The presenter reviewed changes to the PEPPER for LTCHs, IRFs and hospices that will be released with the April 2015 report distribution for those providers.

Hospice providers will see four new target areas:

Target Area: Target Area Definition:
Continuous Home Care Provided in an Assisted Living Facility N: count of beneficiary episodes discharged (by death or alive) by the hospice during the report period where at least eight hours of Continuous Home Care (revenue code = “0652”) were provided while the beneficiary resided in an Assisted Living Facility (HCPCS code = “Q5002”)
D: count of all beneficiary episodes ending in the report period that indicate the beneficiary resided in an assisted living facility.
Routine Home Care Provided in an Assisted Living Facility N: count of Routine Home Care days (revenue code = “0651”) provided on claims ending in the report period that indicate the beneficiary resided in an assisted living facility (HCPCS code = “Q5002”)
D: count of all Routine Home Care days (revenue code = “0651”) provided by the hospice on claims ending in the report period
Routine Home Care Provided in a Nursing Facility N: count of Routine Home Care days (revenue code = “0651”) provided on claims ending in the report period that indicate the beneficiary resided in a nursing facility (HCPCS code = “Q5003”)
D: count of all Routine Home Care days (revenue code = “0651”) provided by the hospice on claims ending in the report period
Routine Home Care Provided in a Skilled Nursing Facility N: count of Routine Home Care days (revenue code = “0651”) provided on claims ending in the report period that indicate the beneficiary resided in a skilled nursing facility (HCPCS code = “Q5004”)
D: count of all Routine Home Care days (revenue code = “0651”) provided by the hospice on claims ending in the report period


Home health PEPPER is still under development but is expected to be distributed around July 20, 2015.  The reports will be in same format as the PEPPER for other provider types and will be released annually with statistics reported on a calendar year basis.  

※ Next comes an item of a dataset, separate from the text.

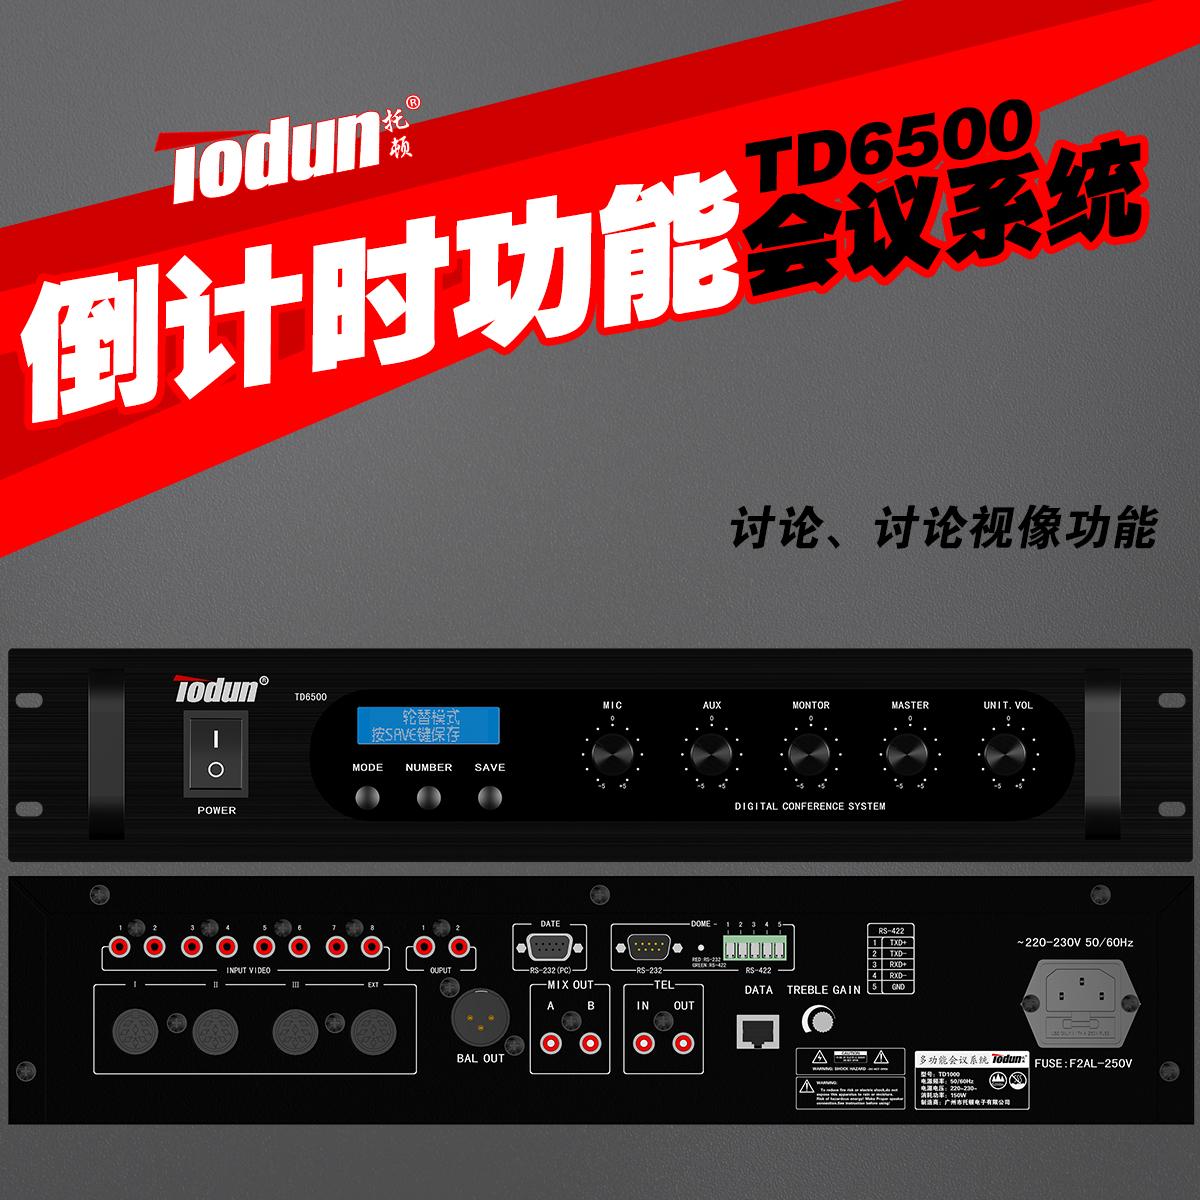 【倒计时功能】数字会议系统TD6500S 领先的讨论视频会议系统设备厂家

The home health PEPPER will include six target areas and two “top” reports:
Top diagnoses for episodes in most recent year
Top diagnoses for therapy episodes (early/late 0-13, early/late 14-19, 20+) in most recent year

Target Area Target Area Definition
Outlier Payments N: dollar amount of outlier payments received by the HHA during the report period
D:  dollar amount of total payments received by the HHA during the report period
Average Number of Episodes N: count of claims paid to the HHA during the report period
D: count of beneficiaries served by the HHA during the report period
Average Case Mix N: sum of case mix weight for all claims paid to the HHA during the report period, excluding LUPAs and PEPs
D: count of claims paid to the HHA during the report period, excluding LUPAs and PEPs
Episodes with 5 or 6 Visits N: count of claims with 5 or 6 visits paid to the HHA during the report period
D: count of claims paid to the HHA during the report period
Non-LUPA Payments N: count of claims paid to the HHA that did not have a LUPA payment during the report period
D: count of claims paid to the HHA during the report period
High Therapy Utilization Episodes N: count of claims with 20+ therapy visits paid to the HHA during the report period (first digit of HHRG equal to ‘5’)
D: count of claims paid to the HHA during the report period


The presenter provided a sample PEPPER and reviewed how the provider’s statistics are compared with aggregate statistics for the nation, Medicare Administrative Contractor (MAC) jurisdiction and the state.  If a provider’s statistics are at/above the national 80th or at/below the 20th percentile, the provider is identified as an “outlier” and may be at risk for improper Medicare payments.

Hospice and home health agencies obtain their PEPPER through the PEPPER resource portal.  User’s Guide and training materials for home health agencies will be available soon and posted to the PEPPER resource page

TMF requests that providers not contact their QIO or any other organization for assistance with PEPPER.  For questions and individual assistance, providers can go to the PEPPER help page and click on “Help/Contact Us,”

The PEPPER presentation was recorded and will be available on the PEPPER web site in approximately three weeks.